* WORK INSTRUCTIONS
For this exercise, restate every line below word for word and drop the images.

** RECORDED DATA follows **

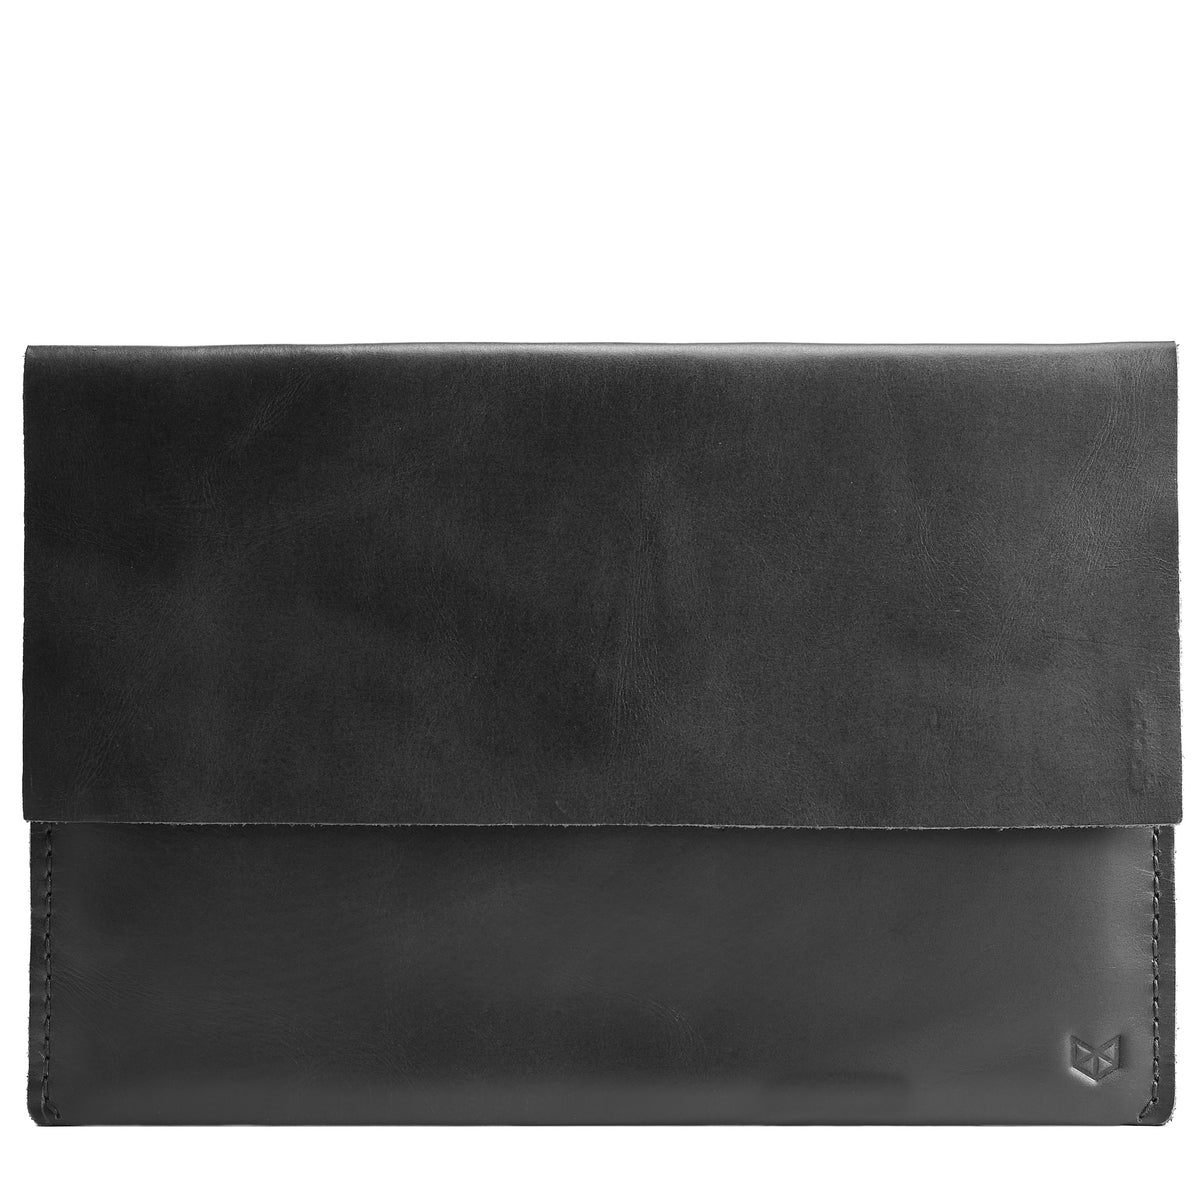 Cover. Black Leather Minial iPad Sleeve Case by Capra Leather
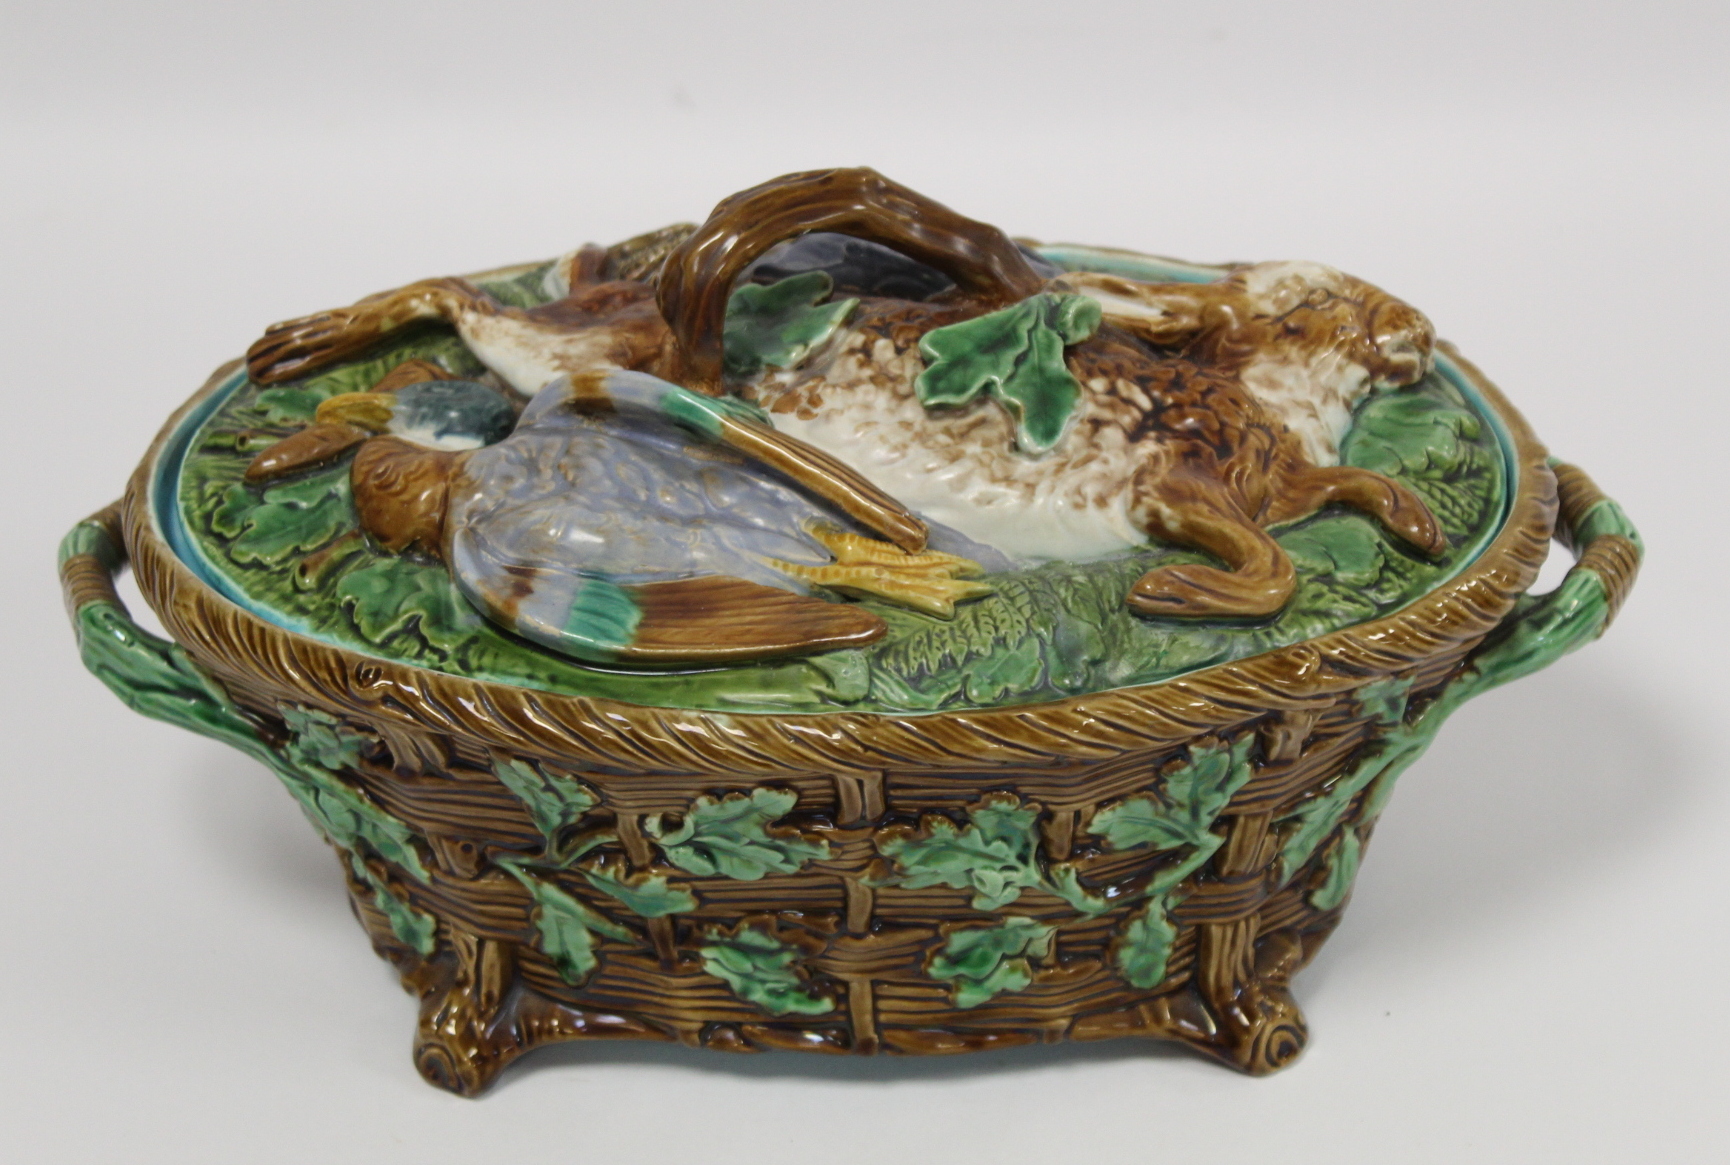 Victorian Minton majolica game pie tureen of twin handled oval form, the relief moulded naturalistic
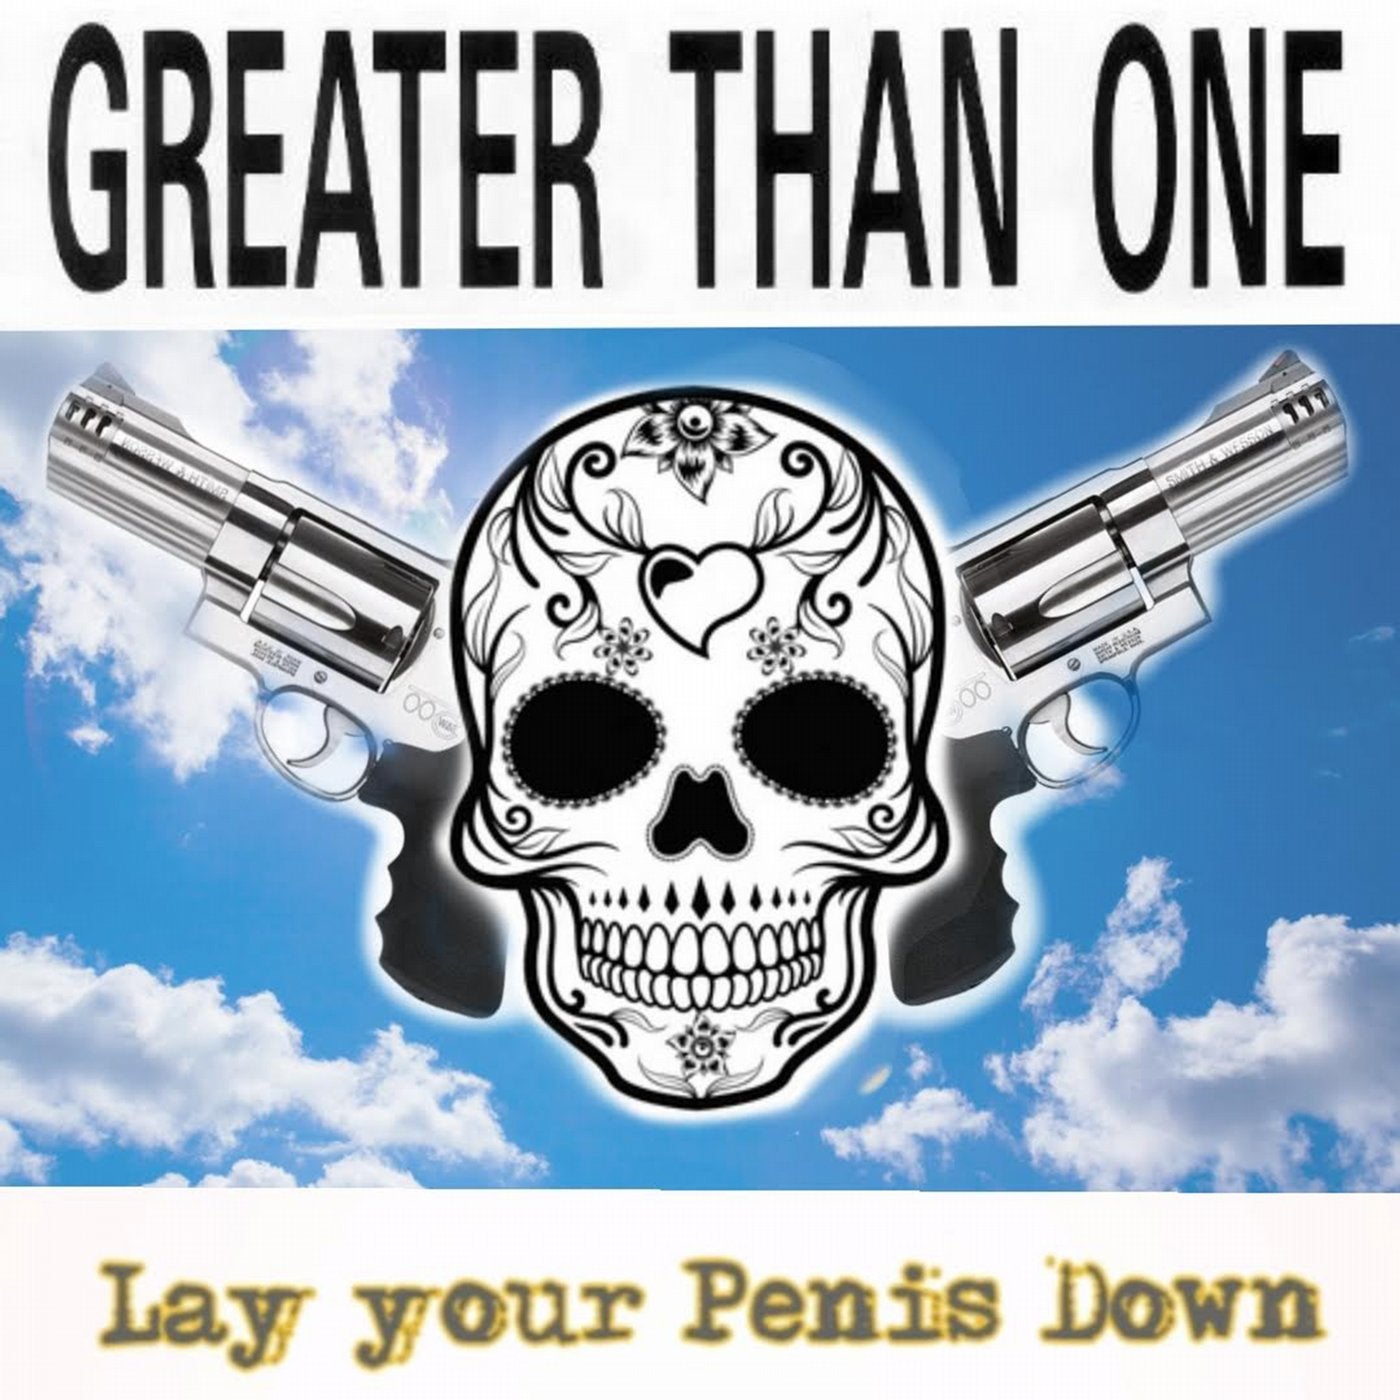 Lay Your Penis Down

** End of RECORDED DATA **

* TASK RESPONSE
 Cover. Black Leather Minial iPad Sleeve Case by Capra Leather
 Victorian Minton majolica game pie tureen of twin handled oval form, the relief moulded naturalistic
 Lay Your Penis Down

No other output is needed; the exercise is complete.